Redefinition of the crater-density and absolute-age boundaries for the chronostratigraphic system of Mars

For the boundaries of each chronostratigraphic epoch on Mars, we present systematically derived crater-size frequencies based on crater counts of geologic referent surfaces and three proposed “standard” crater size–frequency production distributions as defined by (a) a simple −2 power law, (b) Neukum and Ivanov, (c) Hartmann. In turn, these crater count values are converted to model-absolute ages based on the inferred cratering rate histories. We present a new boundary definition for the Late Hesperian–Early Amazonian transition. Our fitting of crater size–frequency distributions to the chronostratigraphic record of Mars permits the assignment of cumulative counts of craters down to 100 m, 1 km, 2 km, 5 km, and 16 km diameters to martian epochs. Due to differences in the “standard” crater size–frequency production distributions, a generalized crater-density-based definition to the chronostratigraphic system cannot be provided. For the diameter range used for the boundary definitions, the resulting model absolute age fits vary within 1.5% for a given set of production function and chronology model ages.
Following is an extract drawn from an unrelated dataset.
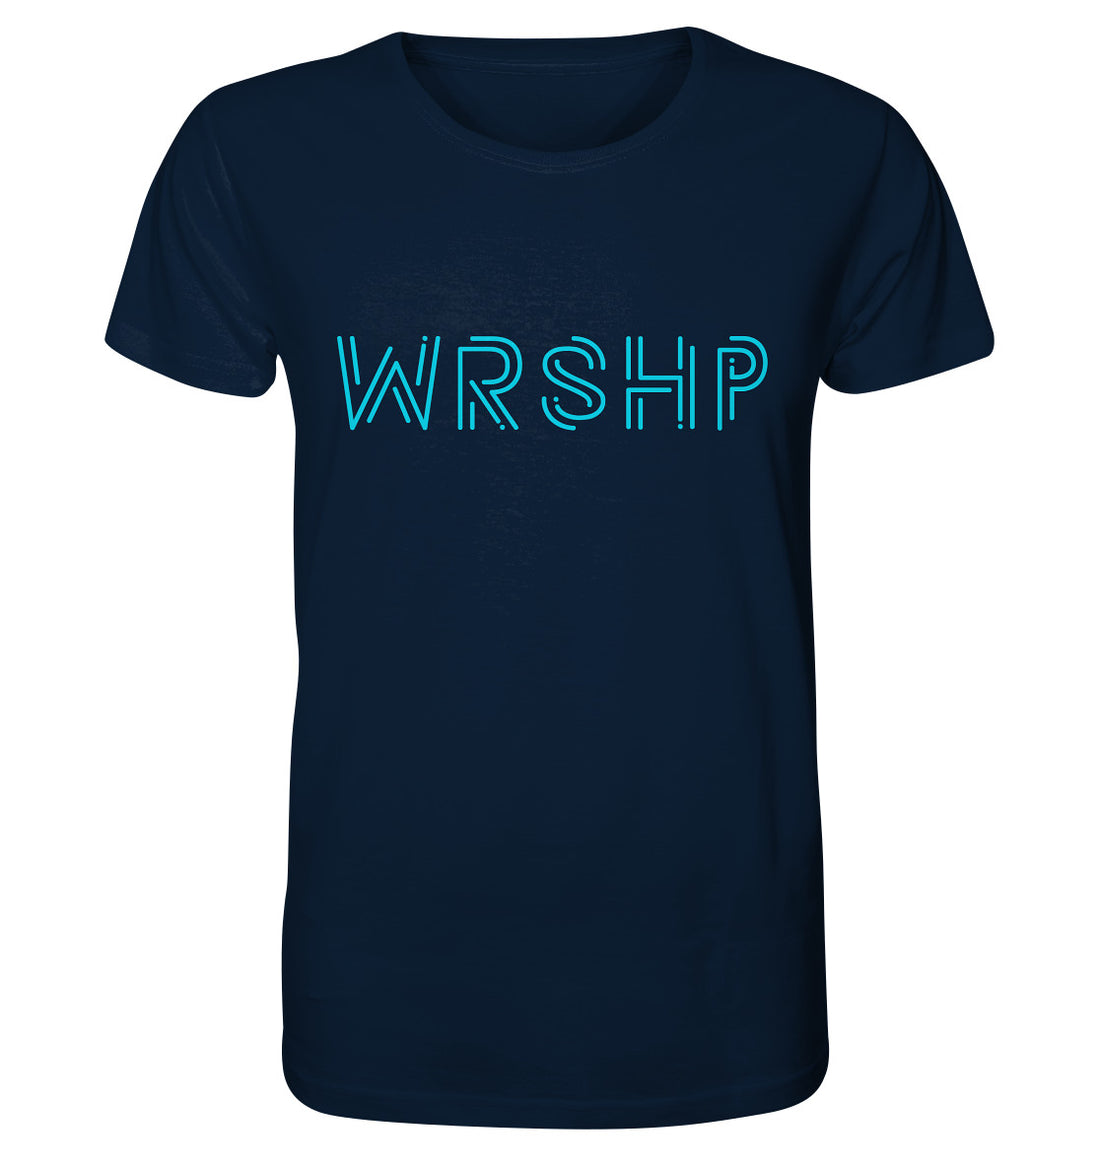 WRSHP - Organic Shirt

Crater distributions translated to absolute ages utilizing different curve descriptions can result in absolute age differences exceeding 10%.

► We present systematically derived crater-size frequencies for all chronostratigraphic boundaries.
► We present a new boundary definition for the Late Hesperian–Early Amazonian transition.
► We infer model-absolute ages for all boundaries.
► Mixed chronometer schemes lead to significant errors in the chronostratigraphic assignment of surface units.